◆ Action item
A verbatim copy of all the data is required; the pictures should not appear in it.

◆ Recorded data
· · · · · · ·

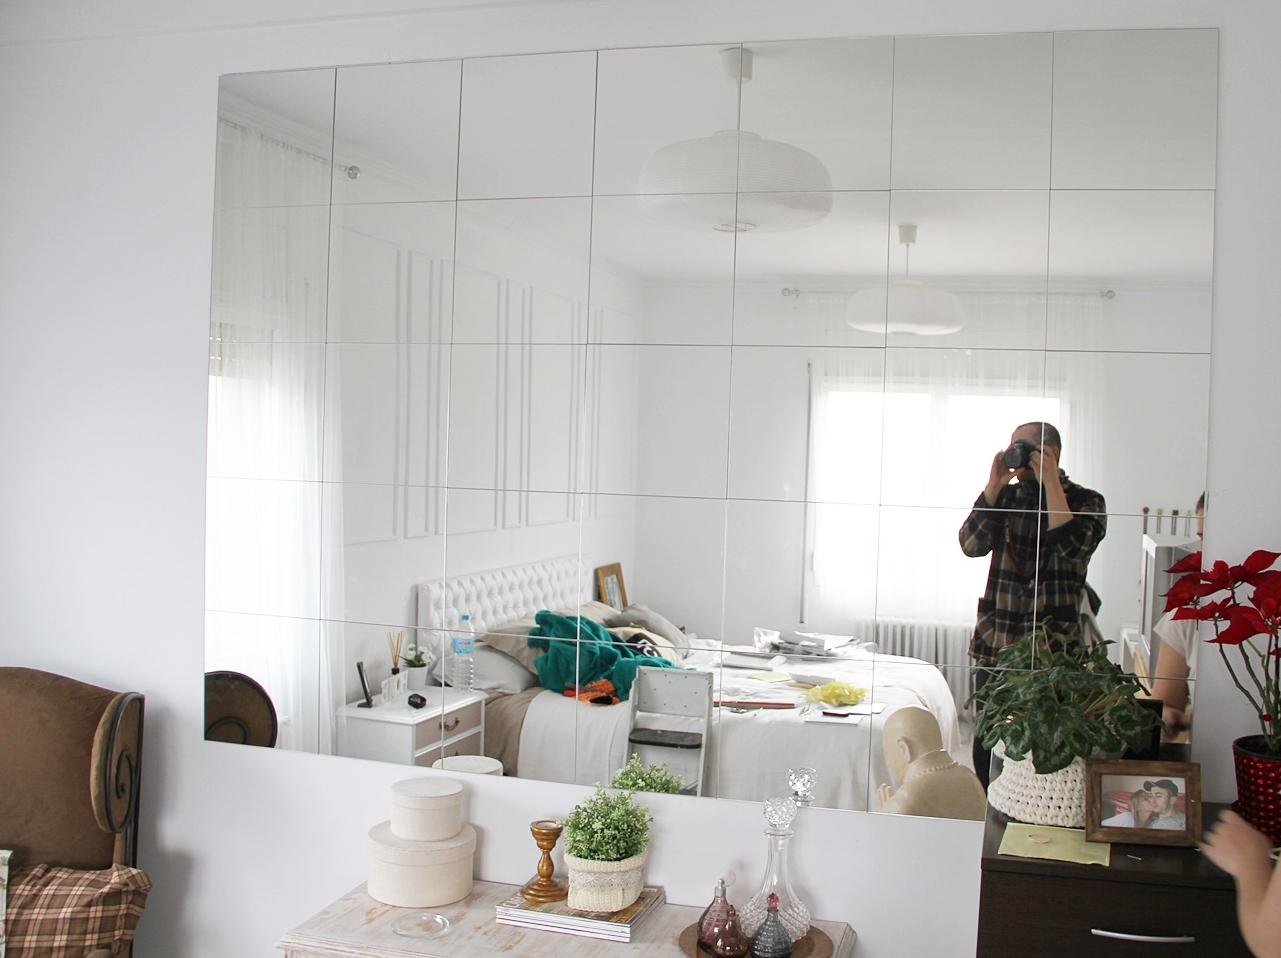 Diy montando una pared de espejos alquimia deco for Espejos para pegar
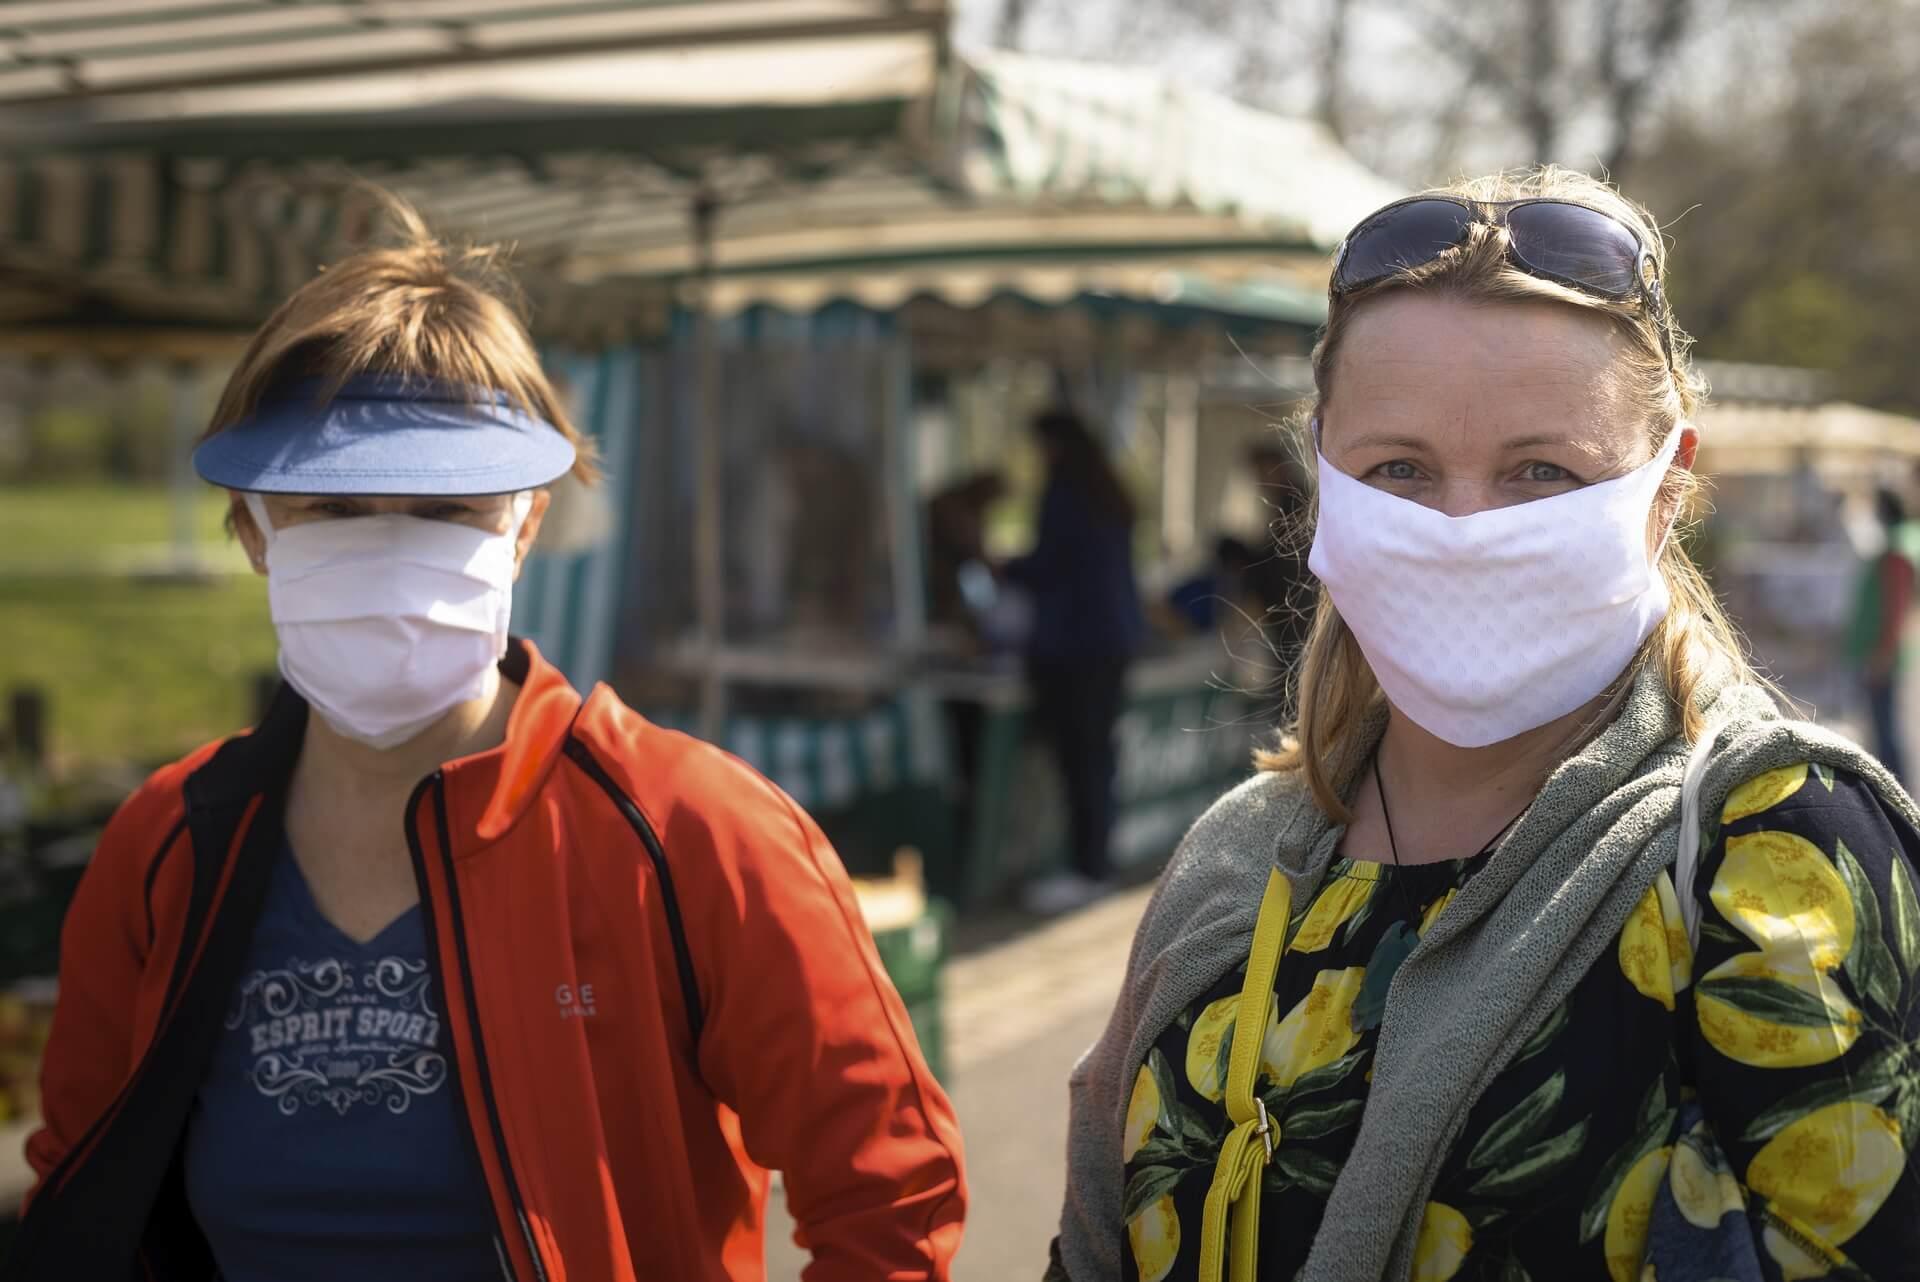 Dresden, Frühjahr 2020, Corona, Pandemie, Menschen, Marktbesucher mit Maske
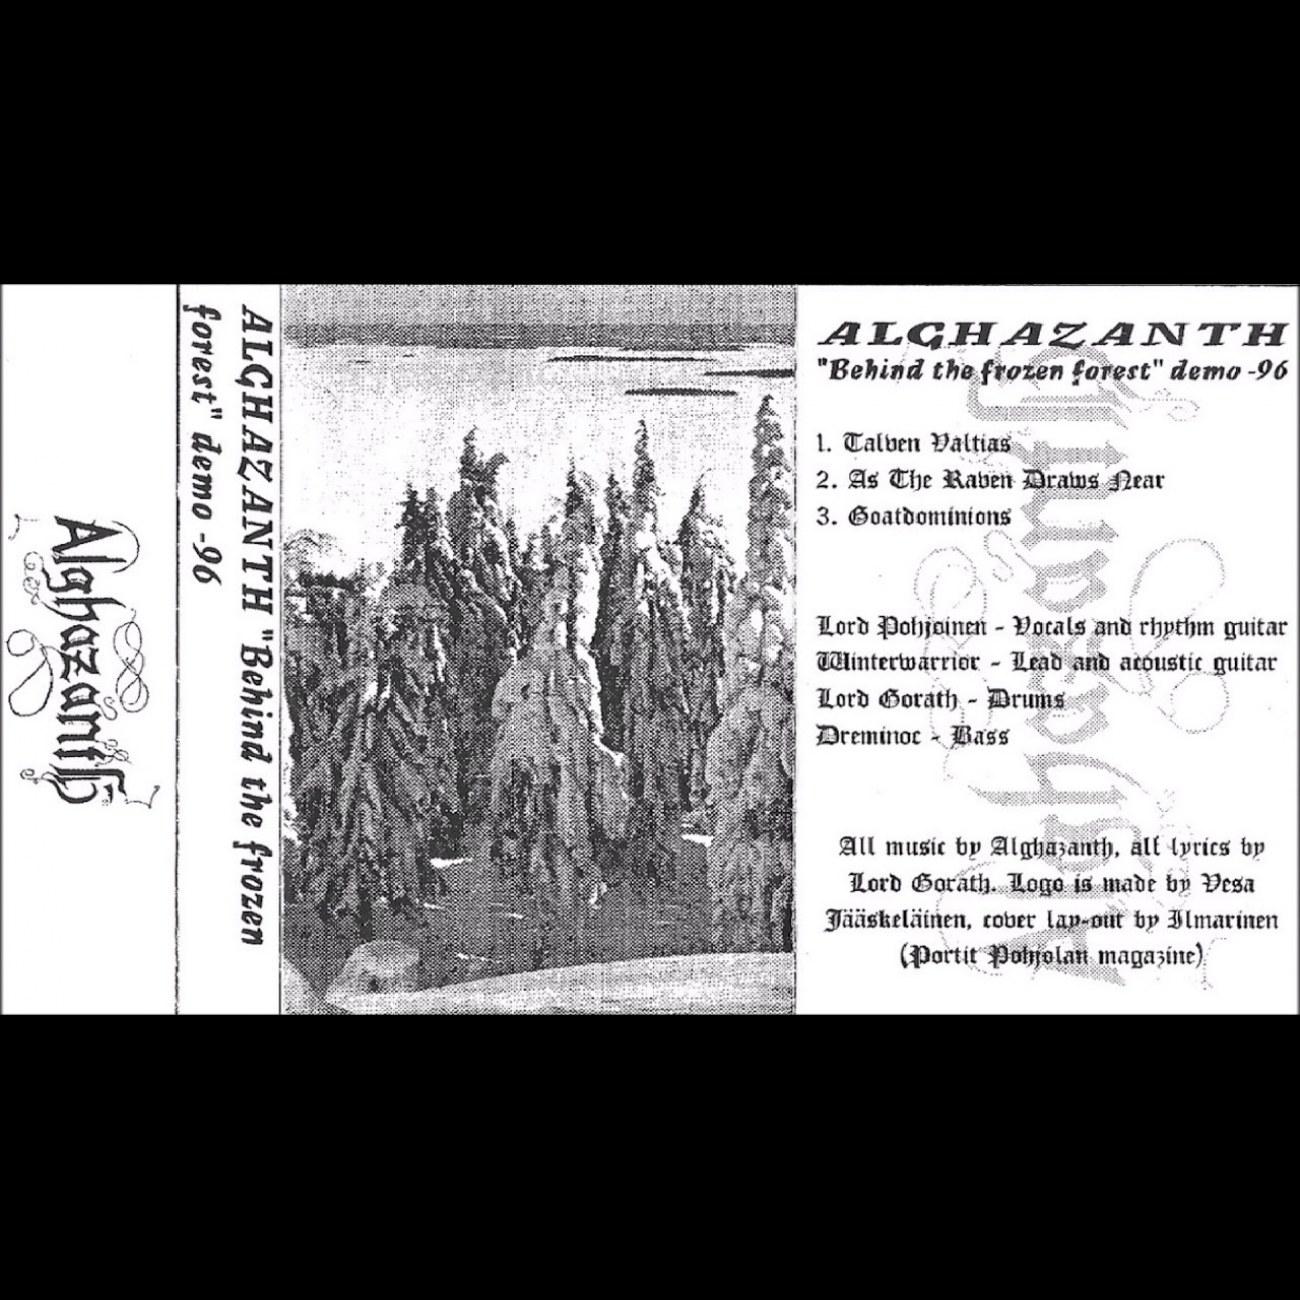 Alghazanth - Behind the Frozen Forest

· · · · · · ·

◆ Solution below
 Diy montando una pared de espejos alquimia deco for Espejos para pegar
 Dresden, Frühjahr 2020, Corona, Pandemie, Menschen, Marktbesucher mit Maske
 Alghazanth - Behind the Frozen Forest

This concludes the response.